Data provided Block Start
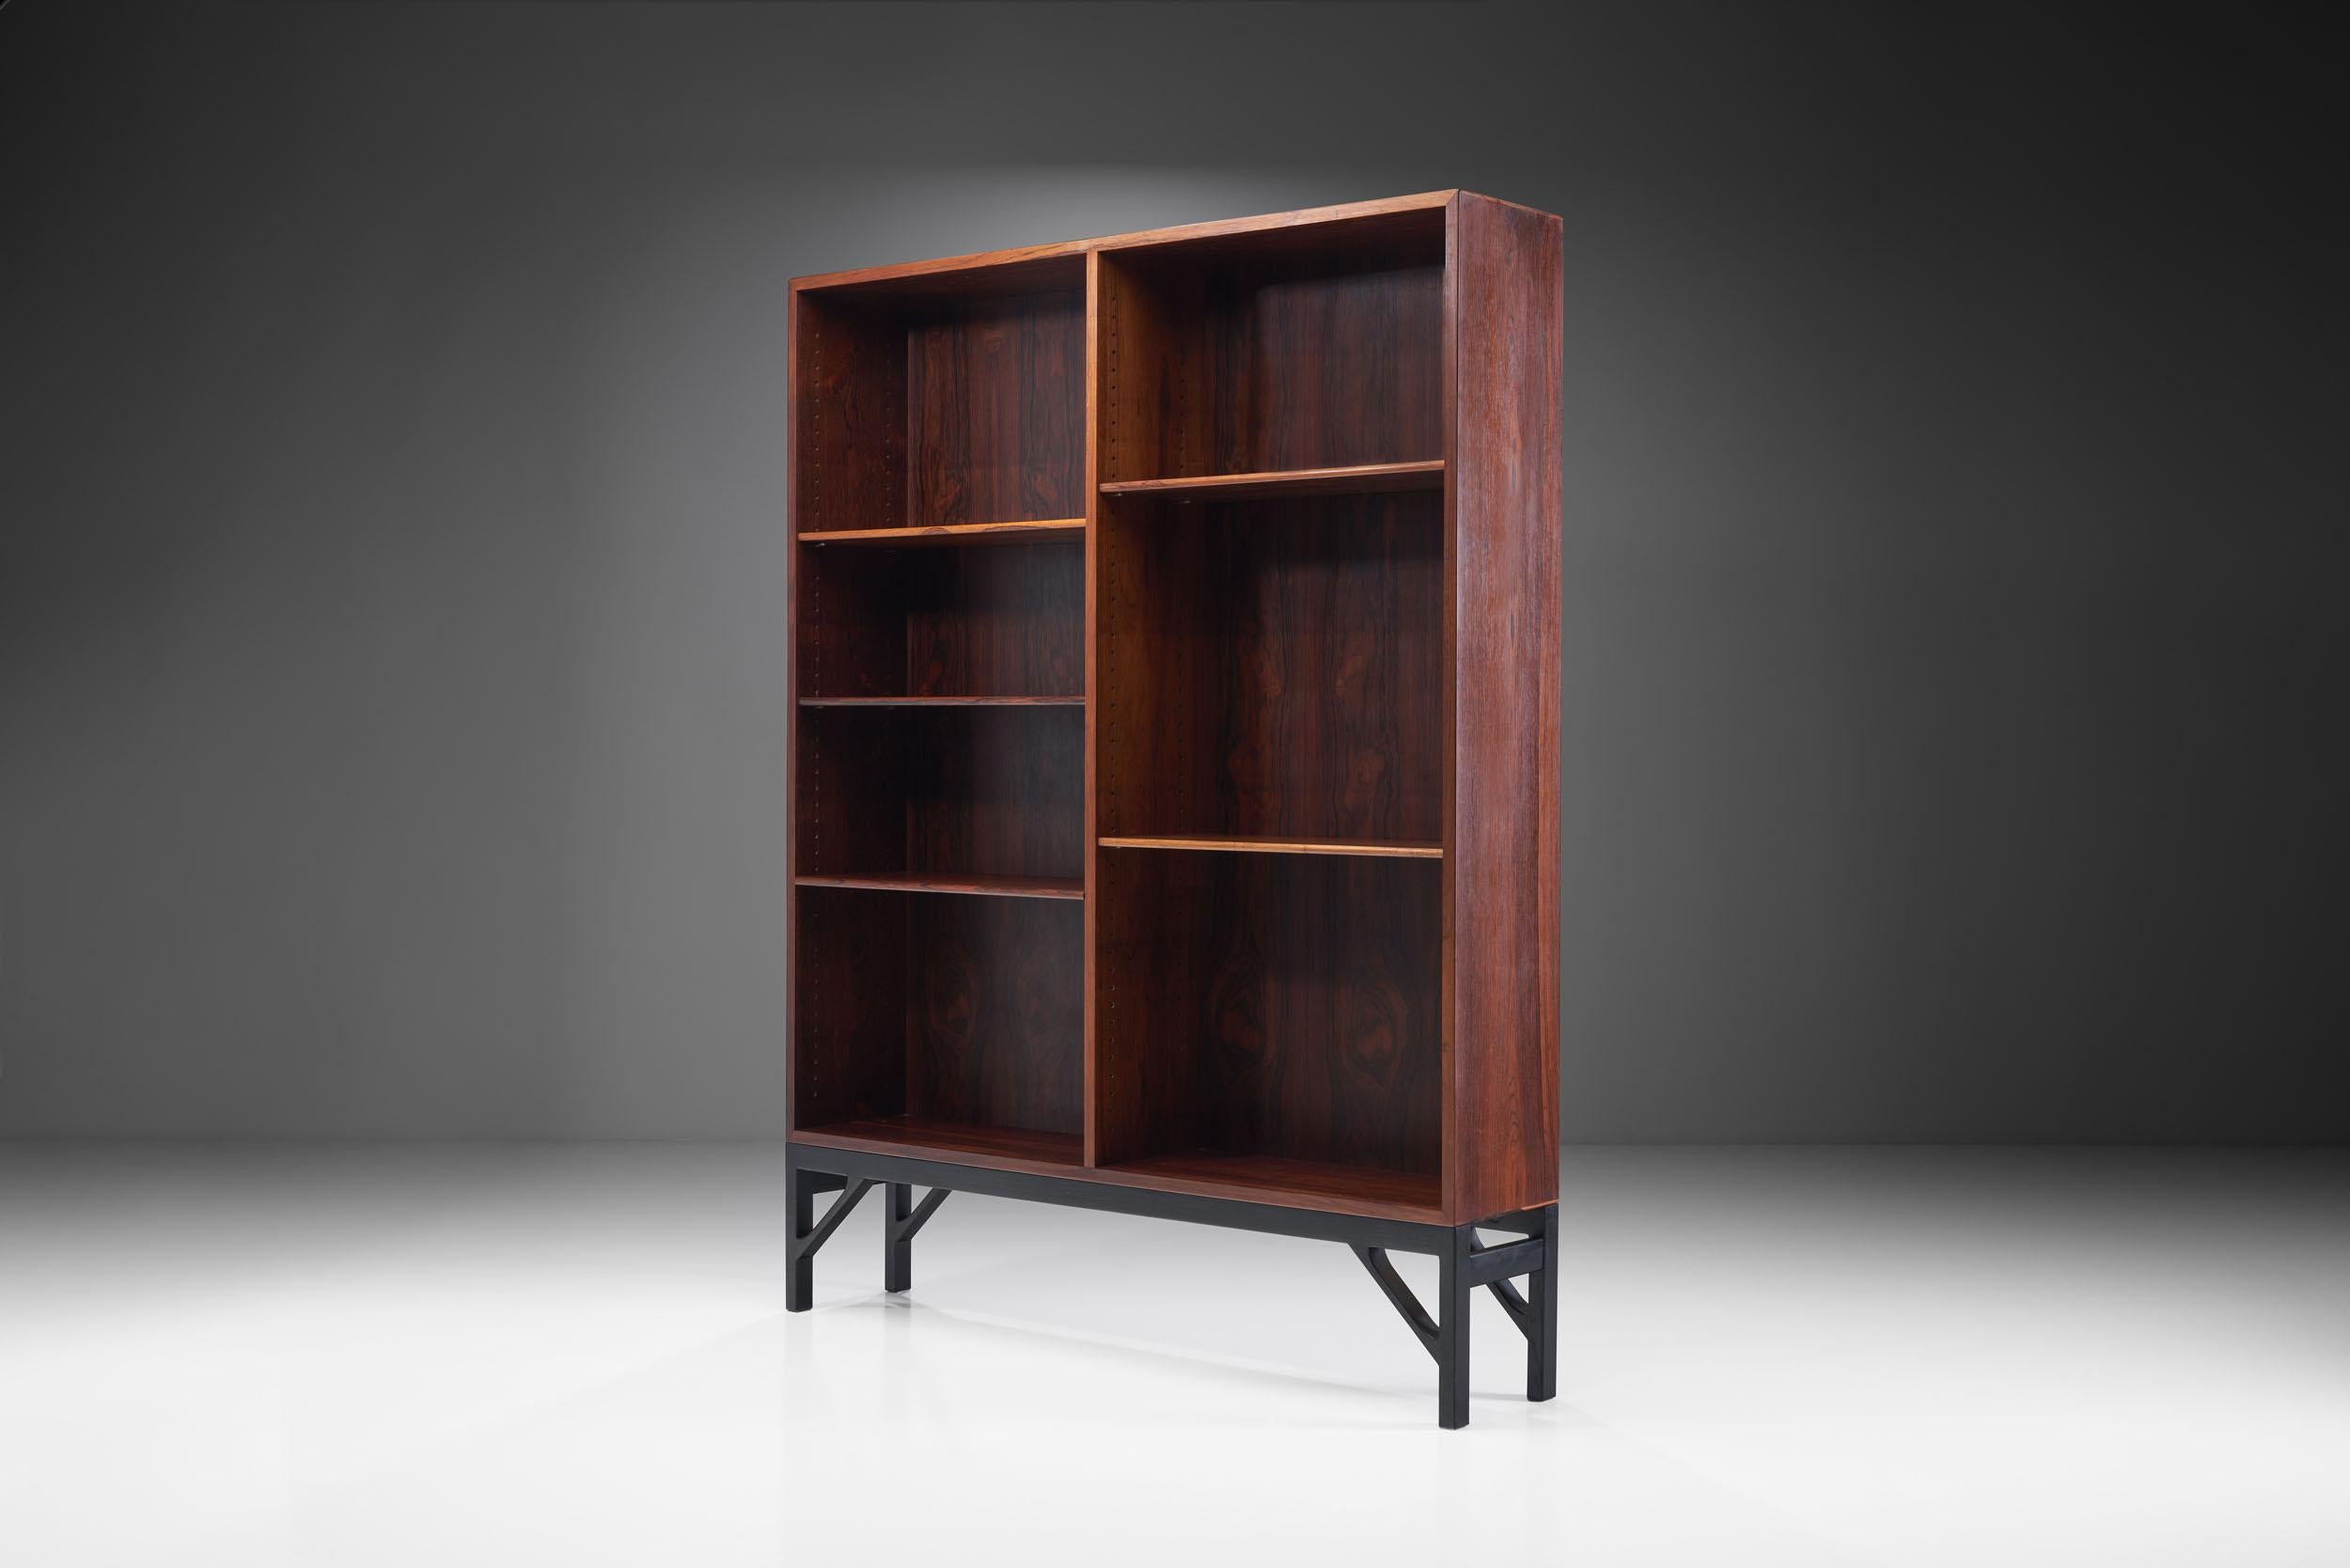 Dieses beeindruckende Bücherregal von Børge Mogensen spiegelt die klare und funktionale Ästhetik des dänischen Designers wider, der trotz seines zurückhaltenden Designs auffallende Stücke schuf.

Das Bücherregal ist aus Holz mit einer schönen
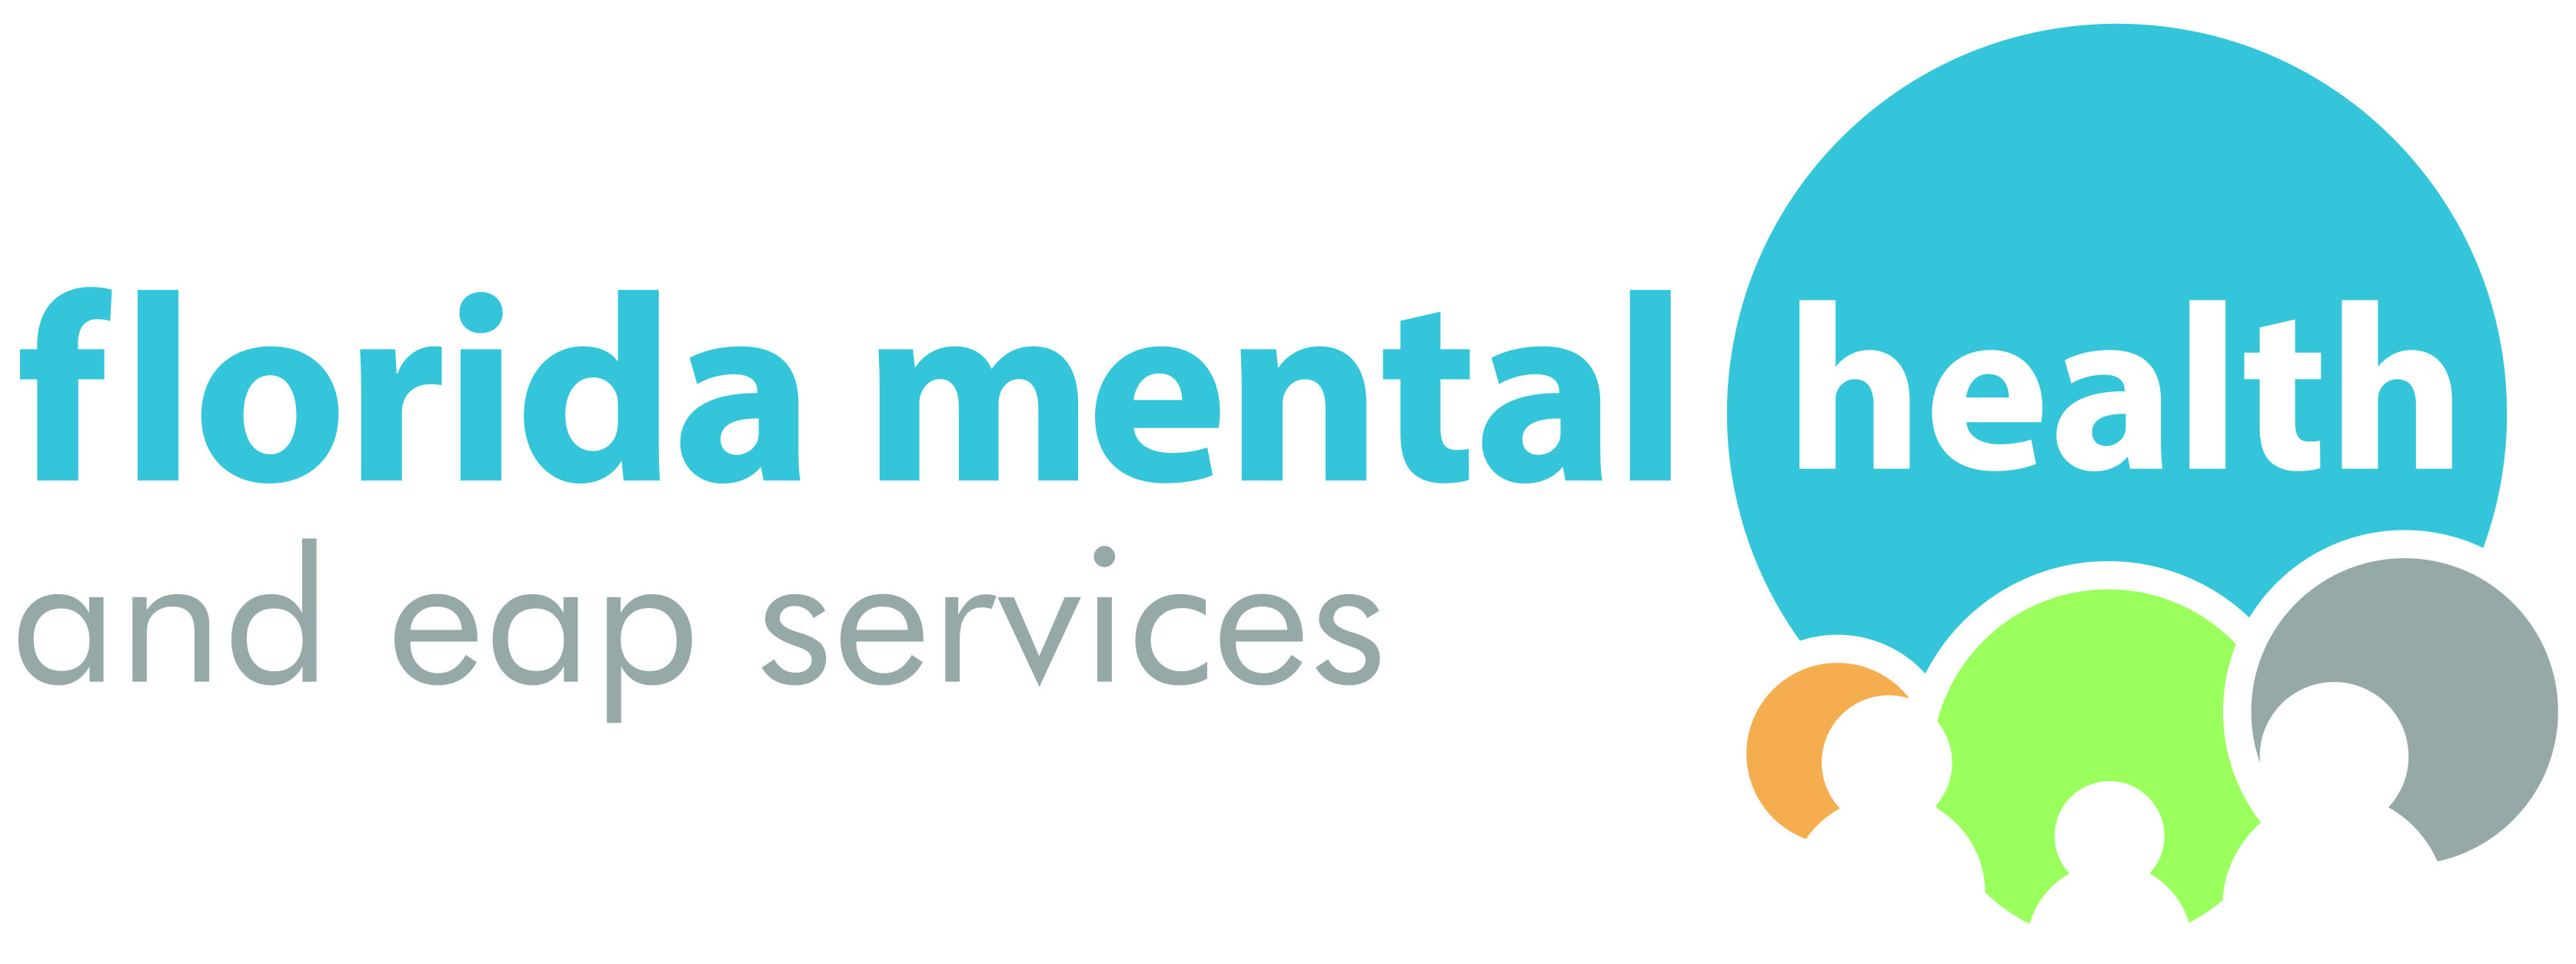 EAP Logo - Florida Mental Health & EAP Services Logo - Florida Mental Health ...
Data provided Block End
What is expected
Please leave the images out and retype the rest of the material exactly.

Solution
 Dieses beeindruckende Bücherregal von Børge Mogensen spiegelt die klare und funktionale Ästhetik des dänischen Designers wider, der trotz seines zurückhaltenden Designs auffallende Stücke schuf.

Das Bücherregal ist aus Holz mit einer schönen
 EAP Logo - Florida Mental Health & EAP Services Logo - Florida Mental Health ...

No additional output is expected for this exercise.